The stated goal of the Clinton administration’s policy of “engagement” in Asia is building a “new Pacific community.” But America’s well-intentioned though sanctimonious stance toward Asia’s human-rights record may inadvertently marginalize the United States in the world’s most dynamic region. In Kuala Lumpur for the ASEAN Regional Forum this weekend, Secretary of State Madeline K. Albright may encounter some unexpected turbulence from her Asian counterparts on just what this “engagement” means.

It certainly hasn’t had a friendly face of late. Cambodia’s Second Prime Minister Hun Sen staged a coup, shattering a U.S.-brokered peace agreement. Malaysia’s prime minister blamed U.S. currency traders for Southeast Asia’s currency woes. Beating Congress to the punch, Indonesian President Suharto called off the planned purchase of U.S. F-16 fighter jets and an American military education program. In a patronizing letter to President Bill Clinton canceling the deal, he unexpectedly alluded to U.S. “budget problems” as a reason to end the $1-million training program. And despite finger-wagging admonitions from the administration, the Assn. of Southeast Asian Nations allowed the thuggish rulers of Burma to join their club, which represents nearly 500 million people. All in all, a curious way to build a Pacific community.

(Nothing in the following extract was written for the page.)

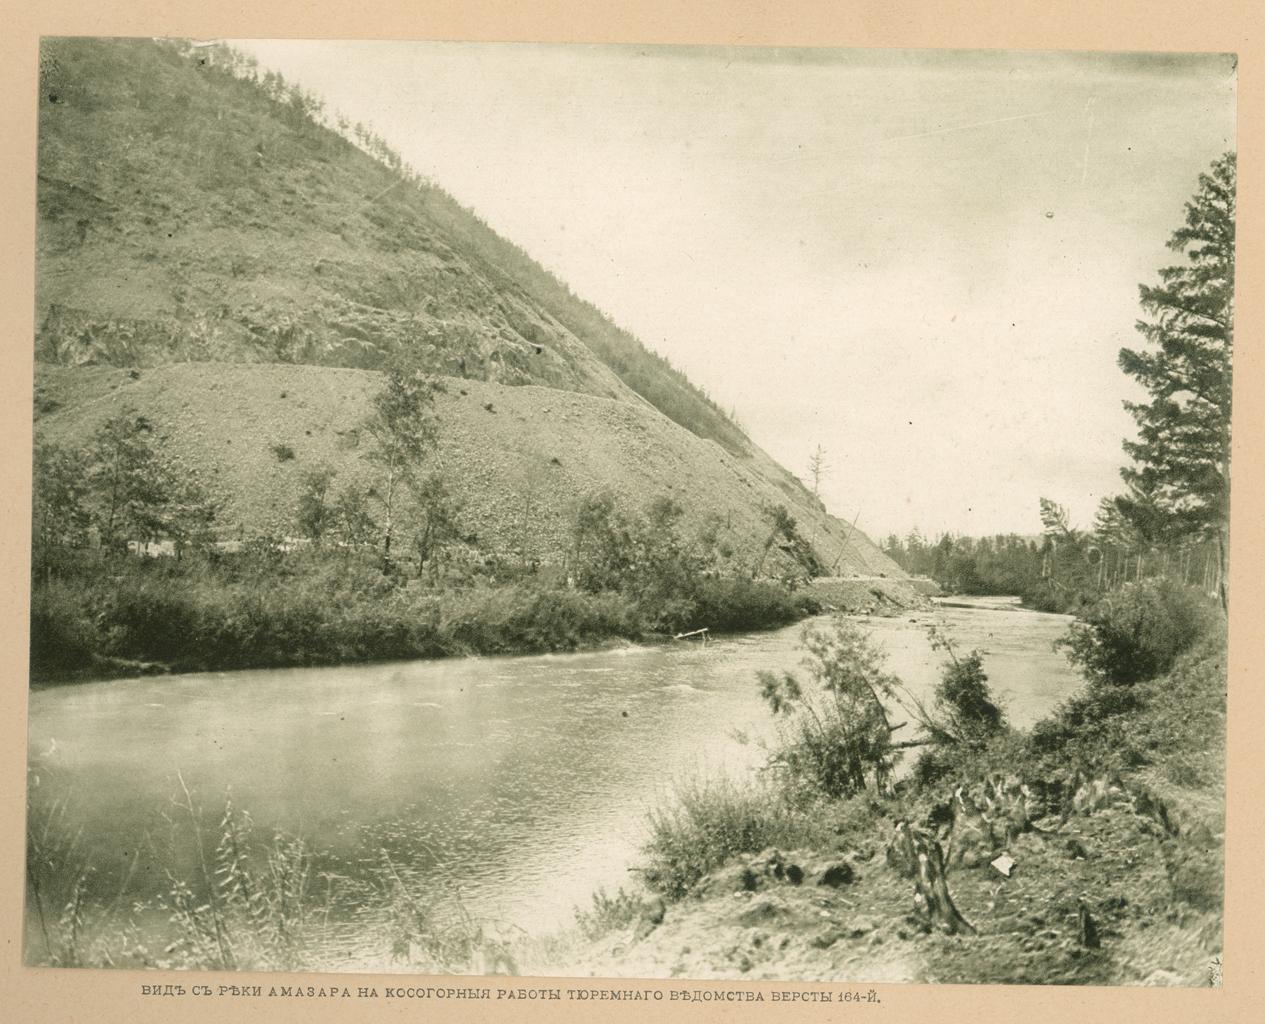 Верста 164. Вид с реки Амазар на косогорные работы тюремного ведомства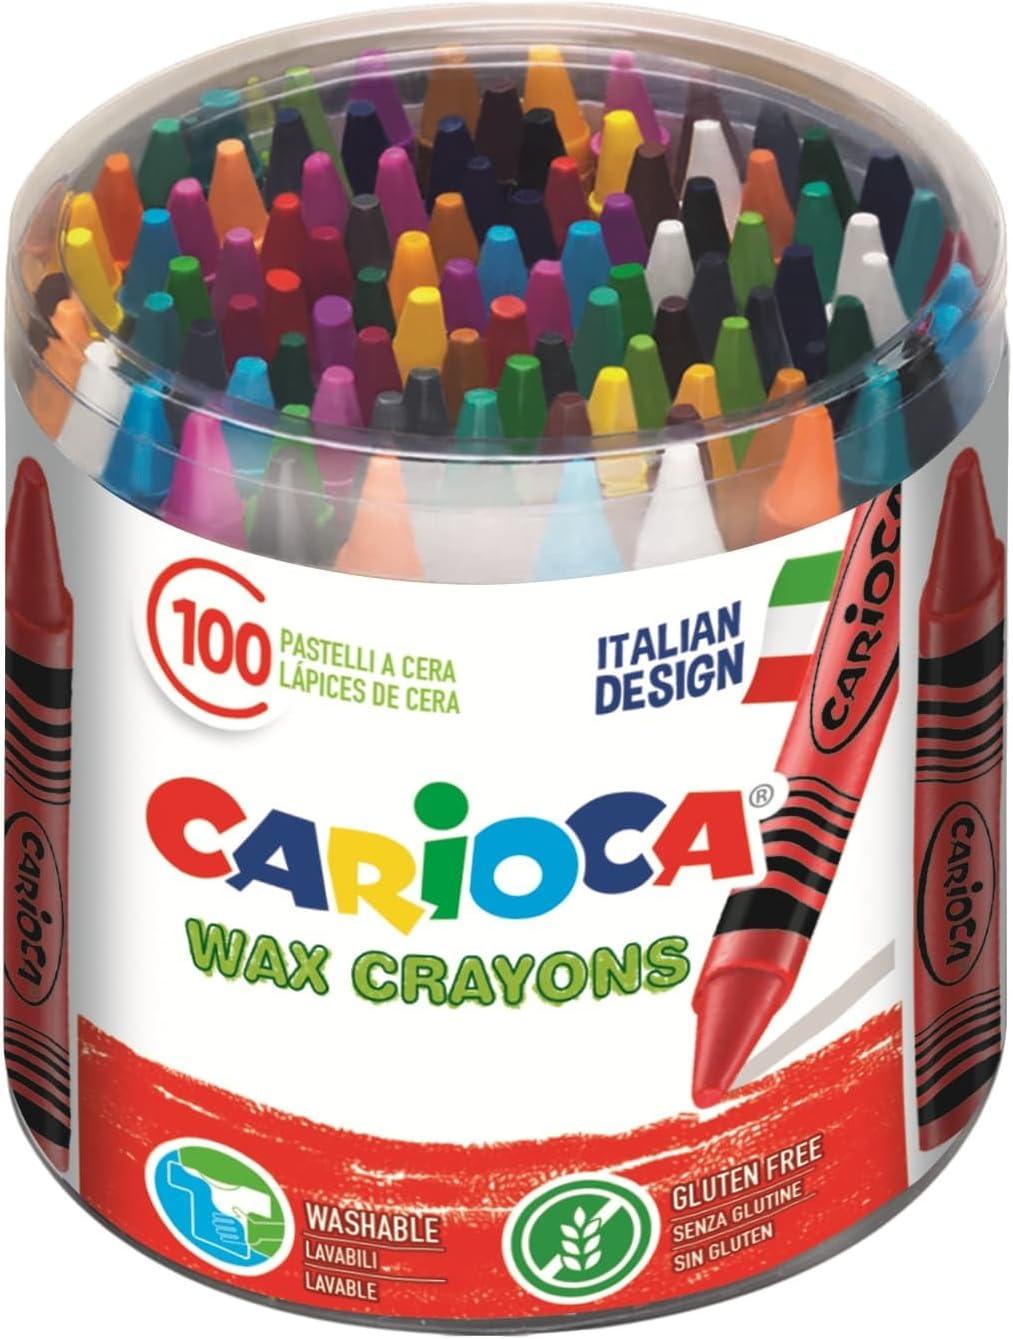 CARIOCA WAX   42399 - Caja de Ceras, Colores Surtidos 100 Unidades: Amazon.es: Juguetes y juegos

These are not prickly, Leninist-inspired, Chinese-sympathesizing governments--they are our friends. Nor is their sharpness toward Washington, as some Asian authoritarian leaders would portray it, the result of a clash of Western versus Asian values. Clearly, no one defends the murderous Khmer Rouge. Few outside Indonesia try to justify the country’s brutish behavior in East Timor, the focus of human rights critics. And in rationalizing its embrace of Burma, ASEAN said it merely seeks “constructive engagement” with Burmese dictators, reasoning that echoes U.S. policy Toward China.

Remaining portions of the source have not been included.